Wired goes long on something called plasma gasification, which turns landfill garbage into energy, reducing the space needed for waste, while creating a new energy source.

Problem is, as Wired is wont to do when covering novel technologies like this, there’s a bit too much “gee whiz” and not enough “to be sure.” The story tracks a company that thinks it may invented a process that makes plasma gasification viable on a mass scale.

This graph is stuck down toward the bottom (emphasis mine):

The actual plant built by S4—a wholly owned subsidiary of InEnTec—is still so new that it remains to be seen whether the quality and quantity of Surma’s syngas matches the predictions and test data gathered so far. “The goal is to take waste and produce a product that is used for energy or for some other process,” says Tom Reardon, a vice president with the waste consultancy Gershman, Brickner & Bratton. “They’ve proven they can produce a syngas. But from it, can they produce the fuel they’re supposed to?”

You can write stories about startups and new technologies, of course, and this is mostly a good one. But this is kind of a giant “to be sure” to bury.

— In comments over at Felix Salmon’s blog at Reuters, ProPublica’s Jesse Eisinger responds to criticism of his and Chris Arnold’s report thatFreddie Mac is placing multibillion-dollar bets that its homeowners won’t be able to refinance their mortgages.

First, though some bloggers see nothing wrong with these trades, the FHFA did. They had them stopped. And there is a lot we still don’t know from the agency’s statement. Why did the agency stop the trades? What were its concerns about Freddie’s risk management? In all the critiques, we have seen little engagement with this FHFA statement, which essentially confirms our story, while saying that Freddie had an even greater amount of inverse floaters than we had reported.

Several bloggers, even the critics, have also agreed with the central premise of the story: That Freddie (like Fannie) has an enormous conflict of interest between helping homeowners and maintaining the value of its investment portfolios.
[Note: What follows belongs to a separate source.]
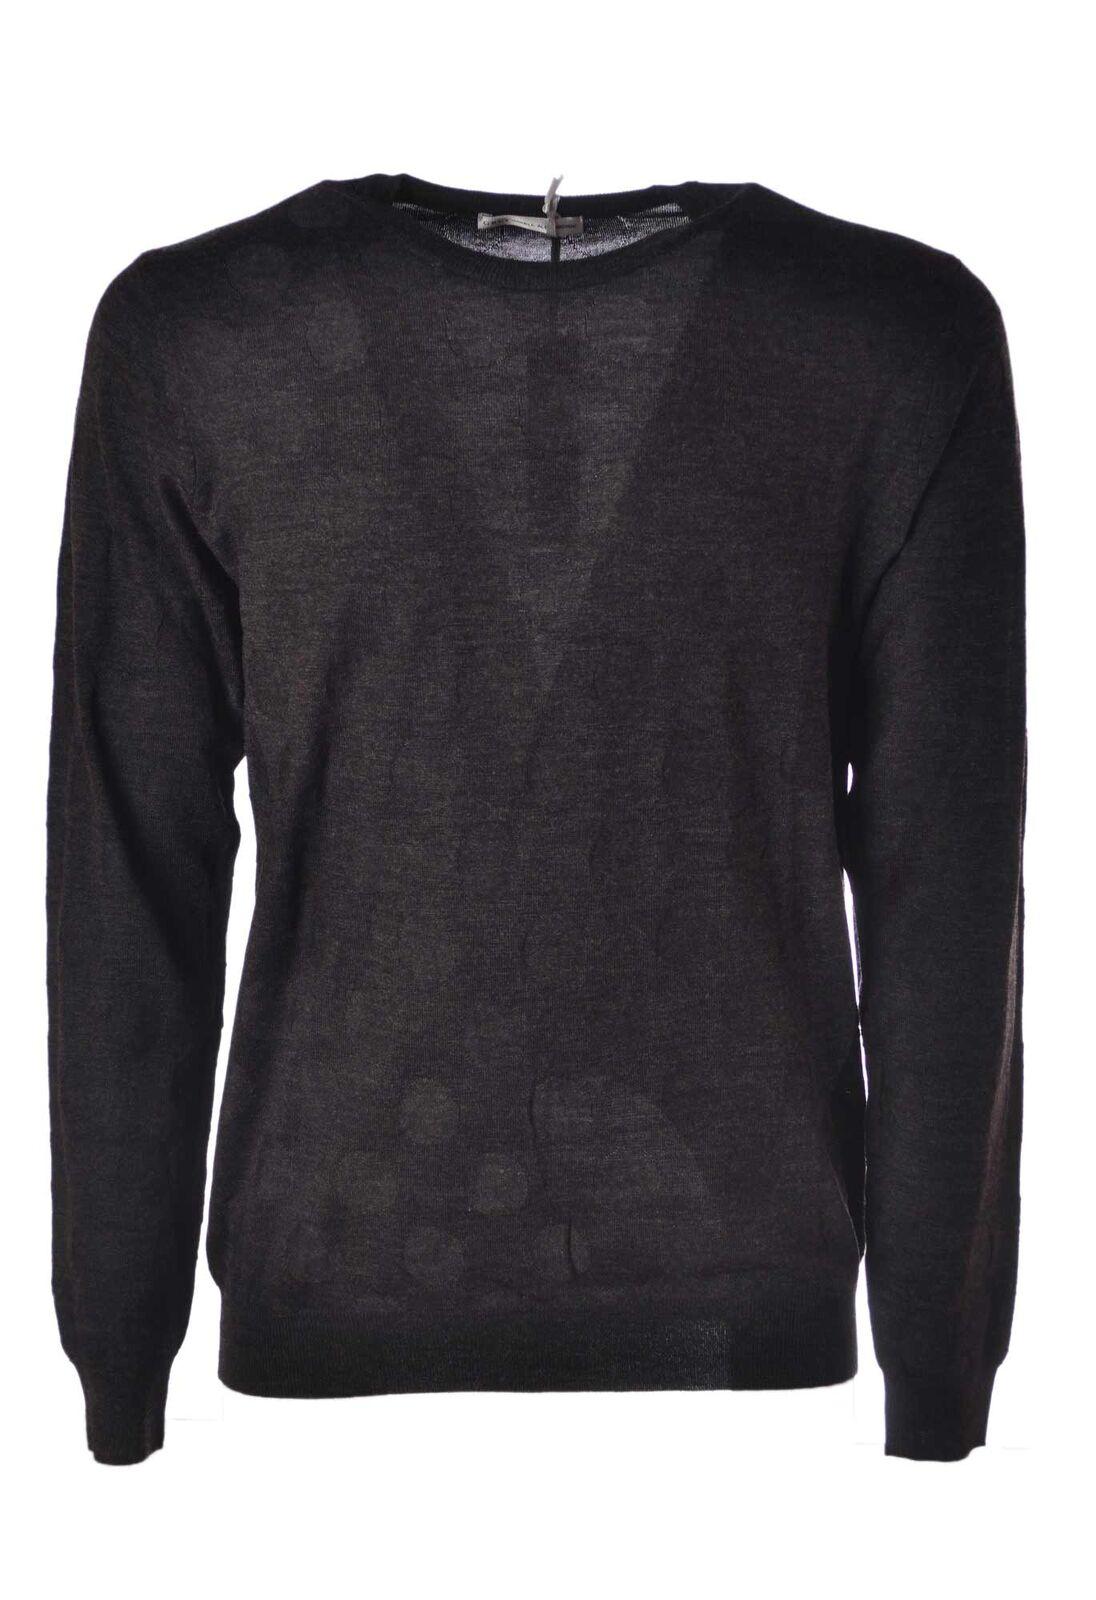 Daniele Alessandrini  -  Sweaters - Male - Grau - 4384112A184609
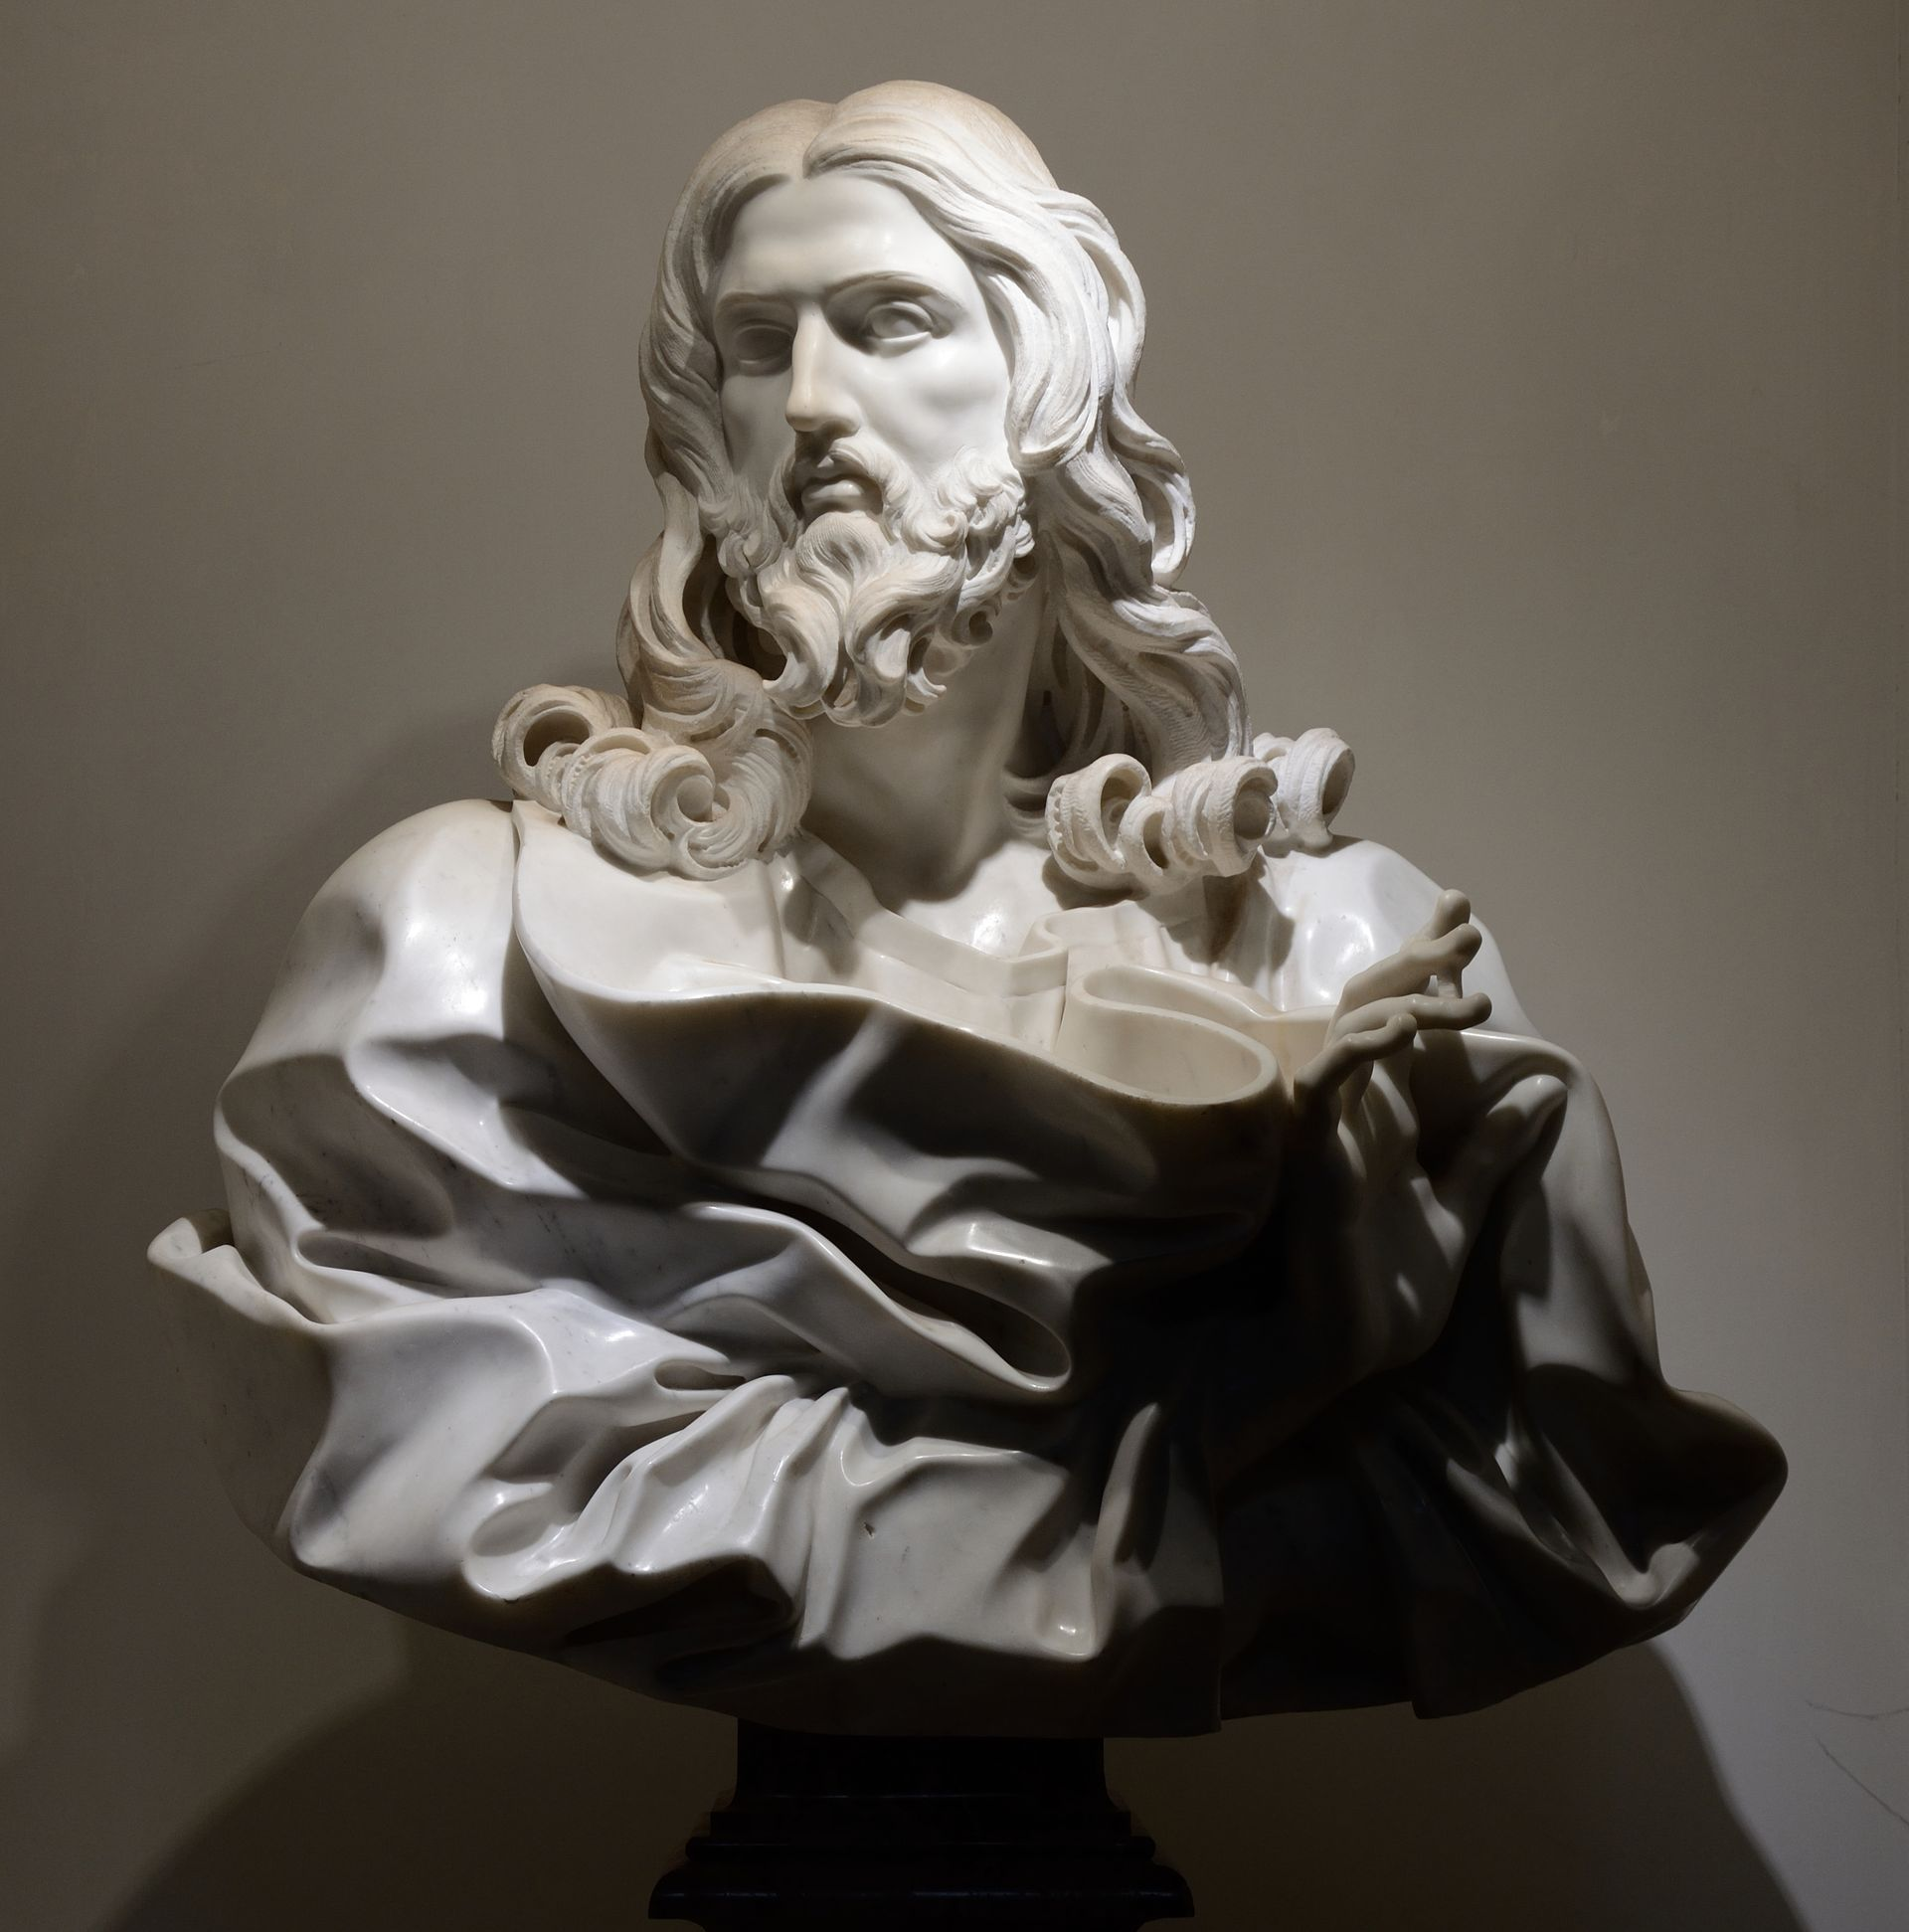 Bust of Jesus Christ by Gianlorenzo Bernini - List of works by Gian ...

With these trades, we wrote, Freddie exacerbated that conflict.

I liked the story but wondered whether Freddie’s position was a hedge. Eisinger argues that it probably wasn’t:

As far as the argument that perhaps these inverse floaters were used to hedge other risks in Freddie’s portfolio, bond traders we spoke with say that Freddie could have easily bought options or swaptions to hedge its prepayment and/or interest rate risk. Entering into inverse floaters as a hedge – or to offset a hedge – seemed to these traders to be cumbersome and expensive for Freddie. One said comparing inverse floaters to hedging tools is not just apples and oranges – it’s more like apples and cars. They just have nothing to do with each other.

Ryan Chittum is a former Wall Street Journal reporter, and deputy editor of The Audit, CJR’s business section. If you see notable business journalism, give him a heads-up at rc2538@columbia.edu. Follow him on Twitter at @ryanchittum.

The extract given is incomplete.